Saturday, January 5, 2008

Broken Things

Been a busy week, this first week of 2008, and with the writers on strike I've been hesitant to cross the picket line and make a post. Actually, writing just hasn't been on my mind. In addition to the usual first of year administrative stuff, seems I've spend a considerable amount of time listening to people dealing with significant brokenness in their lives. Broken health, broken friendships, broken relationshps, broken hearts. Talking with a friend this evening about brokenness in our lives I remembered an article I wrote several years ago about Broken Things, which I've posted in its entirety on my Checked Luggage blog. It includes this paragraph:

On any given Sunday the congregation is full of people who are privately holding on to broken things in their lives. They may be struggling with conflicts at home, pressures at work, disappointments in themselves, or uncertainty about their world and their future.

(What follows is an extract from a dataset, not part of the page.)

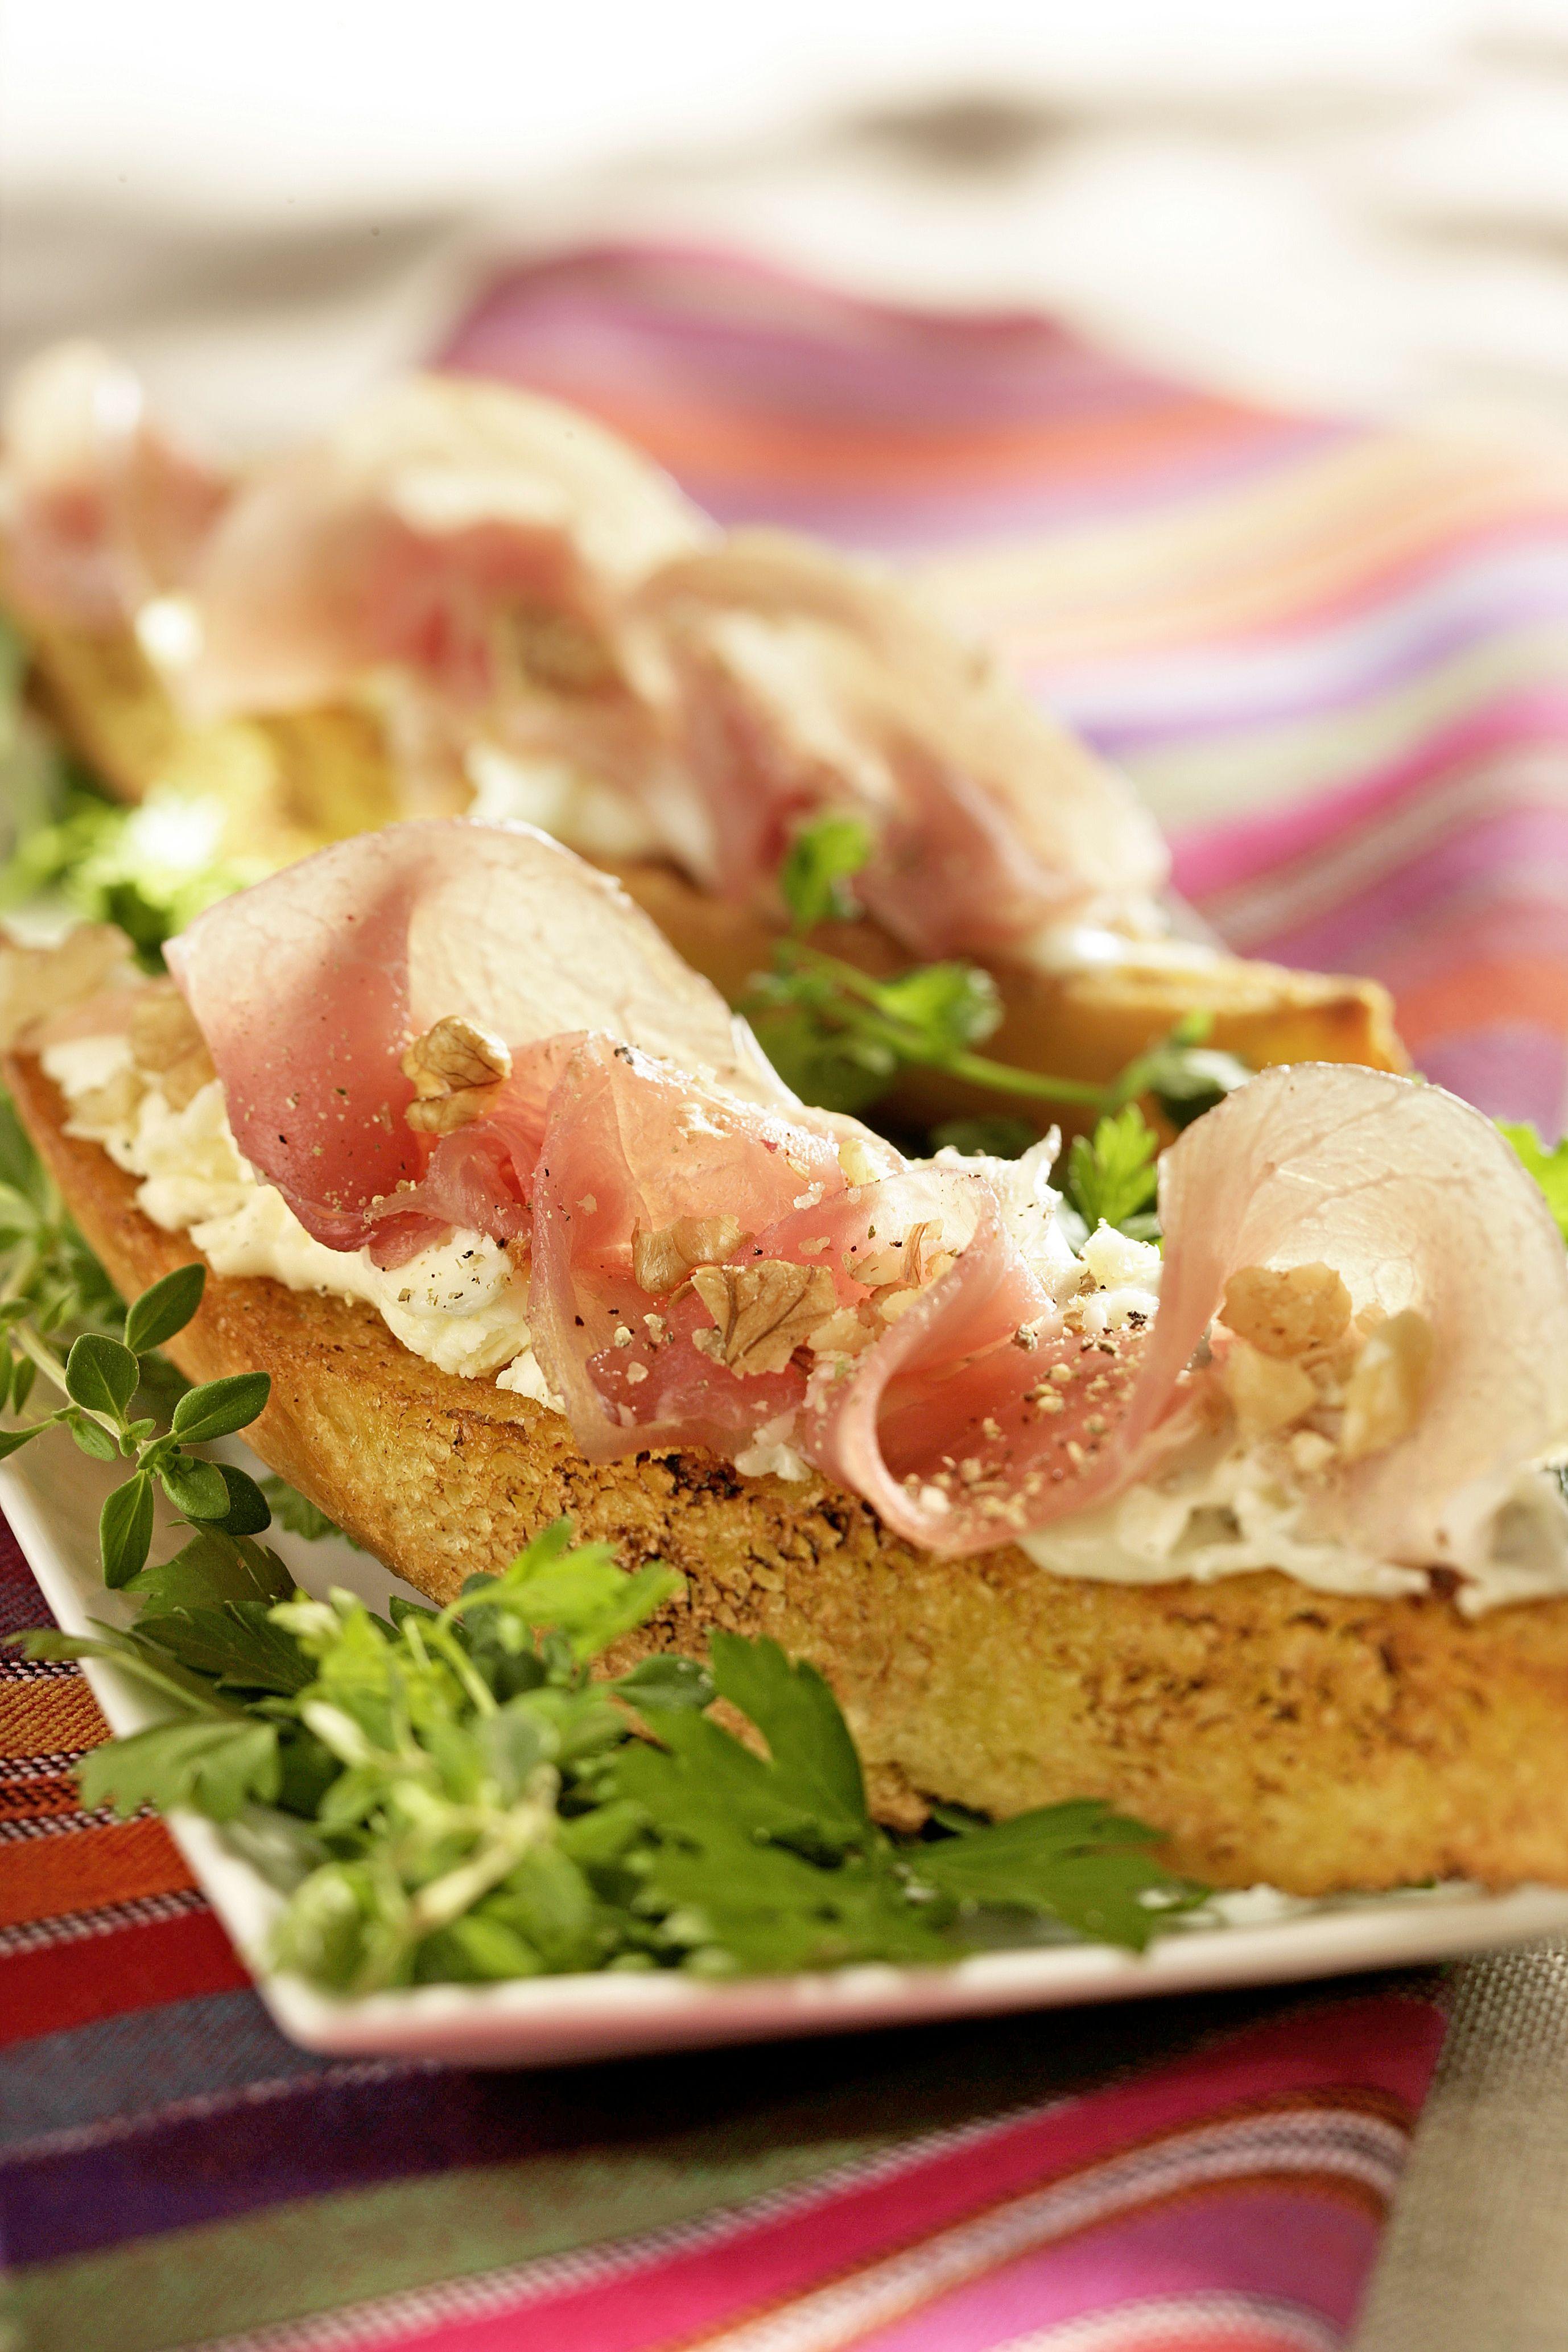 crostini au mascarpone et au jambon de parme cooklook photo recette cuisine et photographies recettes cuisine gourmande

We know it’s OK to admit physical broken-ness and ask for prayers. But to place any other type of broken-ness in the box feels like admitting weakness or failure – things that reveal just how human we are.

It is so tough to admit to others that we don't have it all together. And we expend so much energy keeping up the mask of that "all togetherness" with each other. How courageous, how beautiful and how humbling it is when someone says, "I've got something I need to talk about," and they trust you with their wounds.

Sadly, too many times we even try to keep our brokenness from God. But remember what God told Paul when Paul prayed for his "thorn in the flesh" to be removed: "My grace is sufficient for you, for my strength is made perfect in weakness." (1 Cor 12:9)

God knows our brokenness. In becoming one with our human nature, Christ took on our woundedness, even as we are wounded. And here's the question, If God's strength is made perfect in our weakness, then why are we so determined to hide our weaknesses, and why do we work so hard to portray ourselves as people (and churches) of great strength? I guess we still think it's all about us, when it really is all about God.